• [TASK REQUIREMENTS]
An exact transcription of the data below is needed.

• [Excerpts from a dataset]

- Opening Delimiter -

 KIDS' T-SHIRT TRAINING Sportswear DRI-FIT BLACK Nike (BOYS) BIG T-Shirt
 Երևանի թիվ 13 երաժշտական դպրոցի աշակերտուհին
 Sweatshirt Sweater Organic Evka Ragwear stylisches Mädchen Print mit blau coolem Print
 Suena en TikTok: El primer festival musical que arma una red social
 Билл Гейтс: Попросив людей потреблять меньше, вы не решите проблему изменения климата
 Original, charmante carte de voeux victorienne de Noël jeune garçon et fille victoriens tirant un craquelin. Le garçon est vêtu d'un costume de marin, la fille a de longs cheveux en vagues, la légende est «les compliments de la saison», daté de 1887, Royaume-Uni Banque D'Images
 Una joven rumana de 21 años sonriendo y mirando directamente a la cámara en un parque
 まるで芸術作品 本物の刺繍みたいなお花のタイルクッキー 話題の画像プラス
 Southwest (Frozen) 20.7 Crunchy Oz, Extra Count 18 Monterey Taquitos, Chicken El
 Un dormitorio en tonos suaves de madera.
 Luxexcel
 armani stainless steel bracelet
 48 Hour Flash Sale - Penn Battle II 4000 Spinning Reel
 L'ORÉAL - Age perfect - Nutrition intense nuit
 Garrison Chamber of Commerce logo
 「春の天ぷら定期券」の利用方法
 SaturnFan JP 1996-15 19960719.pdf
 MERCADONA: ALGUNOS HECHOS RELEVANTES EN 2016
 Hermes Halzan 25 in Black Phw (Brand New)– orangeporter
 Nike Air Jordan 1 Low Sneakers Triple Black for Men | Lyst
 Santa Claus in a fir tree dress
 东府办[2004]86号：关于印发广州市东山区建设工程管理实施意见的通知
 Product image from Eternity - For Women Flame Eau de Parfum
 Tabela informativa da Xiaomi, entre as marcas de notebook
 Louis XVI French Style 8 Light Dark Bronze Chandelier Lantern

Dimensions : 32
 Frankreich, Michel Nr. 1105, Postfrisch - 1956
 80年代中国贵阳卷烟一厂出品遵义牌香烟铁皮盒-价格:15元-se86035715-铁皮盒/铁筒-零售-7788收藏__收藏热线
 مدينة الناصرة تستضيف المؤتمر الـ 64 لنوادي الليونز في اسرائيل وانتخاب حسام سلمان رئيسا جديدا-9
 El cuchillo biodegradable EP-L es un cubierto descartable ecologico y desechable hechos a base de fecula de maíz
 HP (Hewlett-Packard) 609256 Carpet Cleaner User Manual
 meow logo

- Closing Delimiter -

• [RESPONSE BOX]
 KIDS' T-SHIRT TRAINING Sportswear DRI-FIT BLACK Nike (BOYS) BIG T-Shirt
 Երևանի թիվ 13 երաժշտական դպրոցի աշակերտուհին
 Sweatshirt Sweater Organic Evka Ragwear stylisches Mädchen Print mit blau coolem Print
 Suena en TikTok: El primer festival musical que arma una red social
 Билл Гейтс: Попросив людей потреблять меньше, вы не решите проблему изменения климата
 Original, charmante carte de voeux victorienne de Noël jeune garçon et fille victoriens tirant un craquelin. Le garçon est vêtu d'un costume de marin, la fille a de longs cheveux en vagues, la légende est «les compliments de la saison», daté de 1887, Royaume-Uni Banque D'Images
 Una joven rumana de 21 años sonriendo y mirando directamente a la cámara en un parque
 まるで芸術作品 本物の刺繍みたいなお花のタイルクッキー 話題の画像プラス
 Southwest (Frozen) 20.7 Crunchy Oz, Extra Count 18 Monterey Taquitos, Chicken El
 Un dormitorio en tonos suaves de madera.
 Luxexcel
 armani stainless steel bracelet
 48 Hour Flash Sale - Penn Battle II 4000 Spinning Reel
 L'ORÉAL - Age perfect - Nutrition intense nuit
 Garrison Chamber of Commerce logo
 「春の天ぷら定期券」の利用方法
 SaturnFan JP 1996-15 19960719.pdf
 MERCADONA: ALGUNOS HECHOS RELEVANTES EN 2016
 Hermes Halzan 25 in Black Phw (Brand New)– orangeporter
 Nike Air Jordan 1 Low Sneakers Triple Black for Men | Lyst
 Santa Claus in a fir tree dress
 东府办[2004]86号：关于印发广州市东山区建设工程管理实施意见的通知
 Product image from Eternity - For Women Flame Eau de Parfum
 Tabela informativa da Xiaomi, entre as marcas de notebook
 Louis XVI French Style 8 Light Dark Bronze Chandelier Lantern

Dimensions : 32
 Frankreich, Michel Nr. 1105, Postfrisch - 1956
 80年代中国贵阳卷烟一厂出品遵义牌香烟铁皮盒-价格:15元-se86035715-铁皮盒/铁筒-零售-7788收藏__收藏热线
 مدينة الناصرة تستضيف المؤتمر الـ 64 لنوادي الليونز في اسرائيل وانتخاب حسام سلمان رئيسا جديدا-9
 El cuchillo biodegradable EP-L es un cubierto descartable ecologico y desechable hechos a base de fecula de maíz
 HP (Hewlett-Packard) 609256 Carpet Cleaner User Manual
 meow logo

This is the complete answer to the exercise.